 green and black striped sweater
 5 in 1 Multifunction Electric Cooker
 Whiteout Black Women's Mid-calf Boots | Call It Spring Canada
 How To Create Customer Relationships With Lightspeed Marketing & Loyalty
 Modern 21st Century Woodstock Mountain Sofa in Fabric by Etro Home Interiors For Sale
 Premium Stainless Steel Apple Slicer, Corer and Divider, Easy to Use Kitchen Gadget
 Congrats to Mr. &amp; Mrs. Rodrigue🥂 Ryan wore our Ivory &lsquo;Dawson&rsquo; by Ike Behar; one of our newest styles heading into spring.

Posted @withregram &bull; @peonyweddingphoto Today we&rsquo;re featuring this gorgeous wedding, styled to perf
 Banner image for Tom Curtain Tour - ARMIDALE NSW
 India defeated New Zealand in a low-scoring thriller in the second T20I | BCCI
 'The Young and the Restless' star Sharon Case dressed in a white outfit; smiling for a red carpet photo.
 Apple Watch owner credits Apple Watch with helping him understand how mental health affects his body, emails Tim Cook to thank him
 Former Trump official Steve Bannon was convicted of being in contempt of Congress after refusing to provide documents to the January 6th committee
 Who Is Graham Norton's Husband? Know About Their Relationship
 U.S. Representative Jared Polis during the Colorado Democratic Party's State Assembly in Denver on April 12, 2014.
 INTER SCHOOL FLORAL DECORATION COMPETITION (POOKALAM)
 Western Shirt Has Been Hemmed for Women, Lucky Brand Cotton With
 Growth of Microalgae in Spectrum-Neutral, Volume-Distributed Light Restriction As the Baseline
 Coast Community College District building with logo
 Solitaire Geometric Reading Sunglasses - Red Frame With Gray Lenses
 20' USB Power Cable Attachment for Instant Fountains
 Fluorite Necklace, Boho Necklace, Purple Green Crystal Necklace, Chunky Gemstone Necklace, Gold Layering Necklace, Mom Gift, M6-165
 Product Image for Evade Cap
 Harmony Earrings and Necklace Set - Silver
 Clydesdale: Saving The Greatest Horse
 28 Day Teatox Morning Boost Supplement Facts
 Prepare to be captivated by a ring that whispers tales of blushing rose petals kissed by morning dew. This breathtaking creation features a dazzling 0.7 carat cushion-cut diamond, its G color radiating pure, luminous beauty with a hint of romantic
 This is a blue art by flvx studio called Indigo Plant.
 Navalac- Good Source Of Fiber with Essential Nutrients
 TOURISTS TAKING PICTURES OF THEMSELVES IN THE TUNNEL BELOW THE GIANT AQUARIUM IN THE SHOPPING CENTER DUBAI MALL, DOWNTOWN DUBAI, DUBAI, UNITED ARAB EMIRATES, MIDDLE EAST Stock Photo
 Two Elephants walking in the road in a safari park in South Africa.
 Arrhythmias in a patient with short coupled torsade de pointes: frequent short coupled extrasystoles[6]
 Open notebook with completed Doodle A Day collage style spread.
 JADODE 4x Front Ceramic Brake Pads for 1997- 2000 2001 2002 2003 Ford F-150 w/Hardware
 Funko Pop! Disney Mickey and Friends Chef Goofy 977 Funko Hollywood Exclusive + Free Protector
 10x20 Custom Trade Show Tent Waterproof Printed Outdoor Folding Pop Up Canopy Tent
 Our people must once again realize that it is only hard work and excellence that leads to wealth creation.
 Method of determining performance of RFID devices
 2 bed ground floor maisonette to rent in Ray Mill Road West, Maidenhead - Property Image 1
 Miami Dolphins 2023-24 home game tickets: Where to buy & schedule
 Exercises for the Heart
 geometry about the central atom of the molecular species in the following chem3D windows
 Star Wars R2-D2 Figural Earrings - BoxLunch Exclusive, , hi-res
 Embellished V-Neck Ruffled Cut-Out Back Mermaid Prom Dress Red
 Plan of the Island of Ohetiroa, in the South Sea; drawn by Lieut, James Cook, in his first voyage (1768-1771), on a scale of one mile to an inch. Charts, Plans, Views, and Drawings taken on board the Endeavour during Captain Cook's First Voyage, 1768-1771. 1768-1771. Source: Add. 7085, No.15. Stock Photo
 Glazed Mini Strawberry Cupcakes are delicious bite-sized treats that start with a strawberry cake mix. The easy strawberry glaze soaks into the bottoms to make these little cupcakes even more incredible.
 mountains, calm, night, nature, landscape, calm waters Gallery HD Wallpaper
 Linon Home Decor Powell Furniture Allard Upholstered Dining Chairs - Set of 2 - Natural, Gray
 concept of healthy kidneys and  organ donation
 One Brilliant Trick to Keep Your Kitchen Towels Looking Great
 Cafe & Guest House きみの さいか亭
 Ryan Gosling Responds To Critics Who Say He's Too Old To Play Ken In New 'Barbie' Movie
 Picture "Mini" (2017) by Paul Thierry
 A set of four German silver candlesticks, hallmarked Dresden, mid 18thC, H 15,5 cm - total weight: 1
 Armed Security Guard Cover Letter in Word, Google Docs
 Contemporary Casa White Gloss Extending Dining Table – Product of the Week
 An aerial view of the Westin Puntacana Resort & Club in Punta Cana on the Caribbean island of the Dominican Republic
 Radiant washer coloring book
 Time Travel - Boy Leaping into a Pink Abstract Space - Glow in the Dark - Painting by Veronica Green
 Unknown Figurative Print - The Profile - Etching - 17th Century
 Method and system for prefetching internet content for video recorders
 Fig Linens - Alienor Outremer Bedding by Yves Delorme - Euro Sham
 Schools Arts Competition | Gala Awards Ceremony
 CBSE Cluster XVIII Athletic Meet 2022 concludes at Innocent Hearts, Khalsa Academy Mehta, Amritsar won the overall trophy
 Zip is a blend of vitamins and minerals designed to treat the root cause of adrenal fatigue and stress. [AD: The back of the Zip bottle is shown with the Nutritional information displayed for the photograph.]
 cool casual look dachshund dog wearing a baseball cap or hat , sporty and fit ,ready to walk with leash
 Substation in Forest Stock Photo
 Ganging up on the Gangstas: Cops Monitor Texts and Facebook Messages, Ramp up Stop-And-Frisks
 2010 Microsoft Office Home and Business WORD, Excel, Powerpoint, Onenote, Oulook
⁂
Copy out the entries. Change nothing.

▶ [Answer section]
 green and black striped sweater
 5 in 1 Multifunction Electric Cooker
 Whiteout Black Women's Mid-calf Boots | Call It Spring Canada
 How To Create Customer Relationships With Lightspeed Marketing & Loyalty
 Modern 21st Century Woodstock Mountain Sofa in Fabric by Etro Home Interiors For Sale
 Premium Stainless Steel Apple Slicer, Corer and Divider, Easy to Use Kitchen Gadget
 Congrats to Mr. &amp; Mrs. Rodrigue🥂 Ryan wore our Ivory &lsquo;Dawson&rsquo; by Ike Behar; one of our newest styles heading into spring.

Posted @withregram &bull; @peonyweddingphoto Today we&rsquo;re featuring this gorgeous wedding, styled to perf
 Banner image for Tom Curtain Tour - ARMIDALE NSW
 India defeated New Zealand in a low-scoring thriller in the second T20I | BCCI
 'The Young and the Restless' star Sharon Case dressed in a white outfit; smiling for a red carpet photo.
 Apple Watch owner credits Apple Watch with helping him understand how mental health affects his body, emails Tim Cook to thank him
 Former Trump official Steve Bannon was convicted of being in contempt of Congress after refusing to provide documents to the January 6th committee
 Who Is Graham Norton's Husband? Know About Their Relationship
 U.S. Representative Jared Polis during the Colorado Democratic Party's State Assembly in Denver on April 12, 2014.
 INTER SCHOOL FLORAL DECORATION COMPETITION (POOKALAM)
 Western Shirt Has Been Hemmed for Women, Lucky Brand Cotton With
 Growth of Microalgae in Spectrum-Neutral, Volume-Distributed Light Restriction As the Baseline
 Coast Community College District building with logo
 Solitaire Geometric Reading Sunglasses - Red Frame With Gray Lenses
 20' USB Power Cable Attachment for Instant Fountains
 Fluorite Necklace, Boho Necklace, Purple Green Crystal Necklace, Chunky Gemstone Necklace, Gold Layering Necklace, Mom Gift, M6-165
 Product Image for Evade Cap
 Harmony Earrings and Necklace Set - Silver
 Clydesdale: Saving The Greatest Horse
 28 Day Teatox Morning Boost Supplement Facts
 Prepare to be captivated by a ring that whispers tales of blushing rose petals kissed by morning dew. This breathtaking creation features a dazzling 0.7 carat cushion-cut diamond, its G color radiating pure, luminous beauty with a hint of romantic
 This is a blue art by flvx studio called Indigo Plant.
 Navalac- Good Source Of Fiber with Essential Nutrients
 TOURISTS TAKING PICTURES OF THEMSELVES IN THE TUNNEL BELOW THE GIANT AQUARIUM IN THE SHOPPING CENTER DUBAI MALL, DOWNTOWN DUBAI, DUBAI, UNITED ARAB EMIRATES, MIDDLE EAST Stock Photo
 Two Elephants walking in the road in a safari park in South Africa.
 Arrhythmias in a patient with short coupled torsade de pointes: frequent short coupled extrasystoles[6]
 Open notebook with completed Doodle A Day collage style spread.
 JADODE 4x Front Ceramic Brake Pads for 1997- 2000 2001 2002 2003 Ford F-150 w/Hardware
 Funko Pop! Disney Mickey and Friends Chef Goofy 977 Funko Hollywood Exclusive + Free Protector
 10x20 Custom Trade Show Tent Waterproof Printed Outdoor Folding Pop Up Canopy Tent
 Our people must once again realize that it is only hard work and excellence that leads to wealth creation.
 Method of determining performance of RFID devices
 2 bed ground floor maisonette to rent in Ray Mill Road West, Maidenhead - Property Image 1
 Miami Dolphins 2023-24 home game tickets: Where to buy & schedule
 Exercises for the Heart
 geometry about the central atom of the molecular species in the following chem3D windows
 Star Wars R2-D2 Figural Earrings - BoxLunch Exclusive, , hi-res
 Embellished V-Neck Ruffled Cut-Out Back Mermaid Prom Dress Red
 Plan of the Island of Ohetiroa, in the South Sea; drawn by Lieut, James Cook, in his first voyage (1768-1771), on a scale of one mile to an inch. Charts, Plans, Views, and Drawings taken on board the Endeavour during Captain Cook's First Voyage, 1768-1771. 1768-1771. Source: Add. 7085, No.15. Stock Photo
 Glazed Mini Strawberry Cupcakes are delicious bite-sized treats that start with a strawberry cake mix. The easy strawberry glaze soaks into the bottoms to make these little cupcakes even more incredible.
 mountains, calm, night, nature, landscape, calm waters Gallery HD Wallpaper
 Linon Home Decor Powell Furniture Allard Upholstered Dining Chairs - Set of 2 - Natural, Gray
 concept of healthy kidneys and  organ donation
 One Brilliant Trick to Keep Your Kitchen Towels Looking Great
 Cafe & Guest House きみの さいか亭
 Ryan Gosling Responds To Critics Who Say He's Too Old To Play Ken In New 'Barbie' Movie
 Picture "Mini" (2017) by Paul Thierry
 A set of four German silver candlesticks, hallmarked Dresden, mid 18thC, H 15,5 cm - total weight: 1
 Armed Security Guard Cover Letter in Word, Google Docs
 Contemporary Casa White Gloss Extending Dining Table – Product of the Week
 An aerial view of the Westin Puntacana Resort & Club in Punta Cana on the Caribbean island of the Dominican Republic
 Radiant washer coloring book
 Time Travel - Boy Leaping into a Pink Abstract Space - Glow in the Dark - Painting by Veronica Green
 Unknown Figurative Print - The Profile - Etching - 17th Century
 Method and system for prefetching internet content for video recorders
 Fig Linens - Alienor Outremer Bedding by Yves Delorme - Euro Sham
 Schools Arts Competition | Gala Awards Ceremony
 CBSE Cluster XVIII Athletic Meet 2022 concludes at Innocent Hearts, Khalsa Academy Mehta, Amritsar won the overall trophy
 Zip is a blend of vitamins and minerals designed to treat the root cause of adrenal fatigue and stress. [AD: The back of the Zip bottle is shown with the Nutritional information displayed for the photograph.]
 cool casual look dachshund dog wearing a baseball cap or hat , sporty and fit ,ready to walk with leash
 Substation in Forest Stock Photo
 Ganging up on the Gangstas: Cops Monitor Texts and Facebook Messages, Ramp up Stop-And-Frisks
 2010 Microsoft Office Home and Business WORD, Excel, Powerpoint, Onenote, Oulook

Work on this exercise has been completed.